Xanthoprotein Reaction

Xanthoprotein reaction (method for the determination of cyclic amino acids) is a method for determining cyclic amino acids in proteins, based on their ability to give a yellow color in the presence of concentrated nitric acid. The method is based on the ability of tryptophan, tyrosine and phenylalanine, which are part of proteins, to decompose when heated in the presence of nitric acid, resulting in the formation of colored compounds. The xanthoprotein reaction can be used not only for the determination of cyclic acids, but also for the detection of proteins in solutions.

The xanthoprotein (xanthone) reaction is a method for determining the content of cyclic amino acids in proteins and other organic compounds. It is based on the ability of certain amino acids, such as tryptophan and tyrosine, to produce a yellow or orange color when treated with concentrated nitric acid. This method was discovered in 1913 by the German chemist Otto Neisser and named after him.

The xanthoprotein reaction is used to determine the level of proteins in various biological fluids, such as blood serum, urine and saliva. It is also used in the analysis of foods and drugs for the presence of protein.

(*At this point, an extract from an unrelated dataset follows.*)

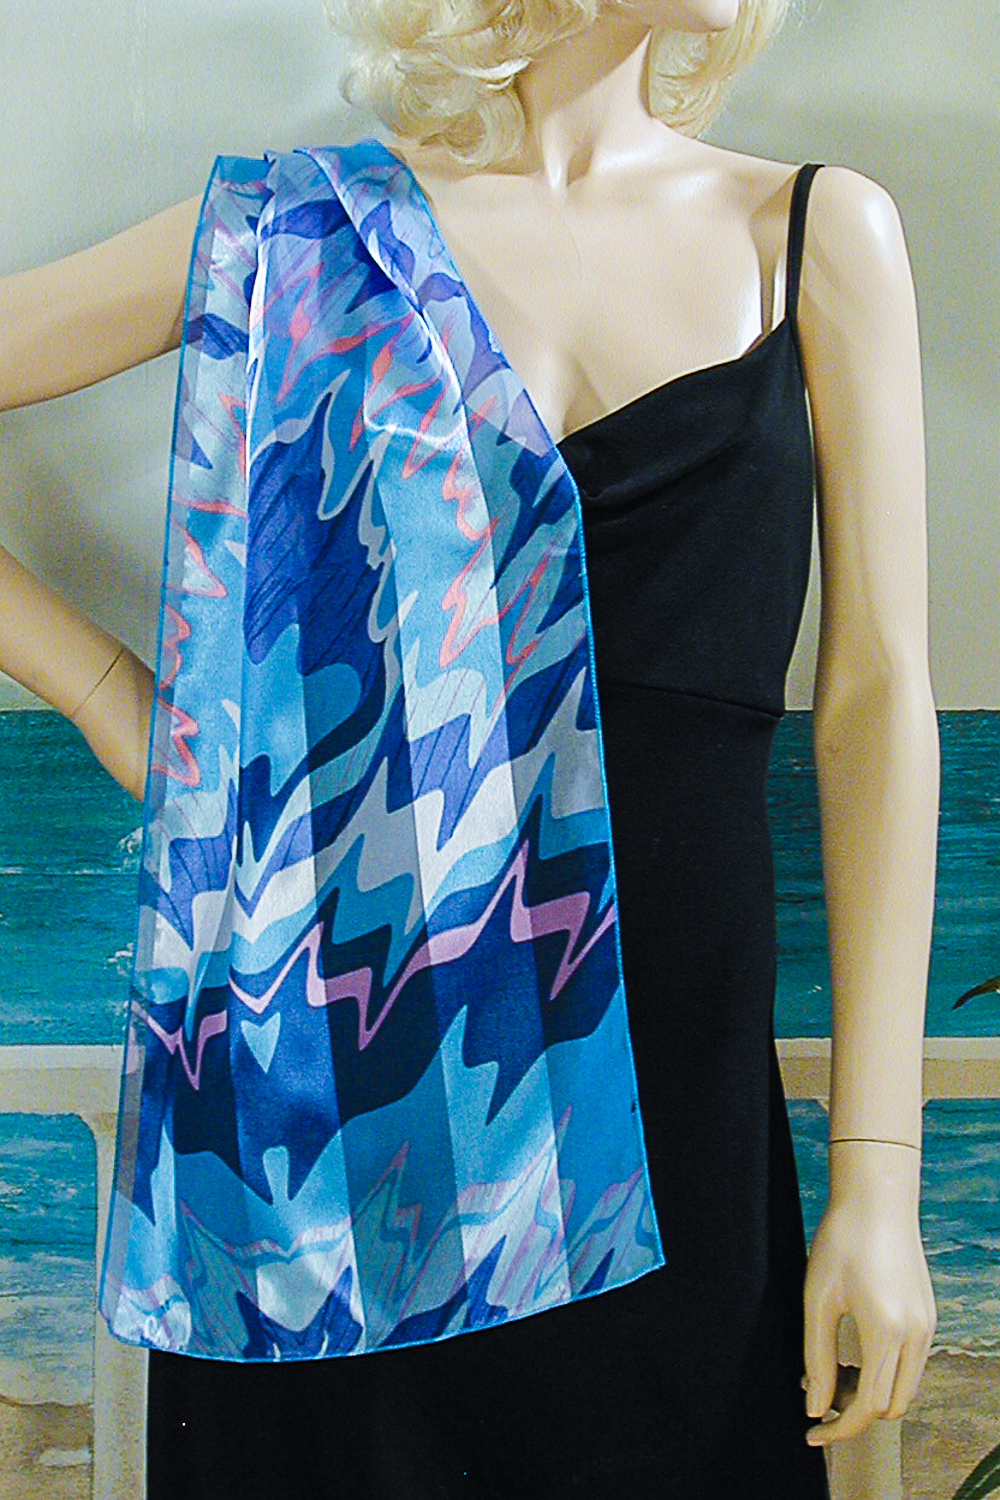 Colorful Chiffon and Satin Scarf with Zigzag Design, a fashion accessorie - Evening Elegance

To carry out the xanthoprotein reaction, a sample of the analyte is mixed with concentrated nitric acid and heated to boiling. A small amount of alkali is then added to neutralize the acid. The resulting yellow precipitate contains cyclic amino acids.

This method is highly sensitive and allows the determination of protein content in very small quantities. However, it has some limitations, such as the need to use concentrated nitric acid, which can be hazardous to health. In addition, the xanthoprote reaction is not specific for all types of proteins and may give false-positive results in the presence of some other compounds.

Despite these limitations, the xanthoprotein reaction remains an important method for protein analysis and continues to be used in various fields of science and industry.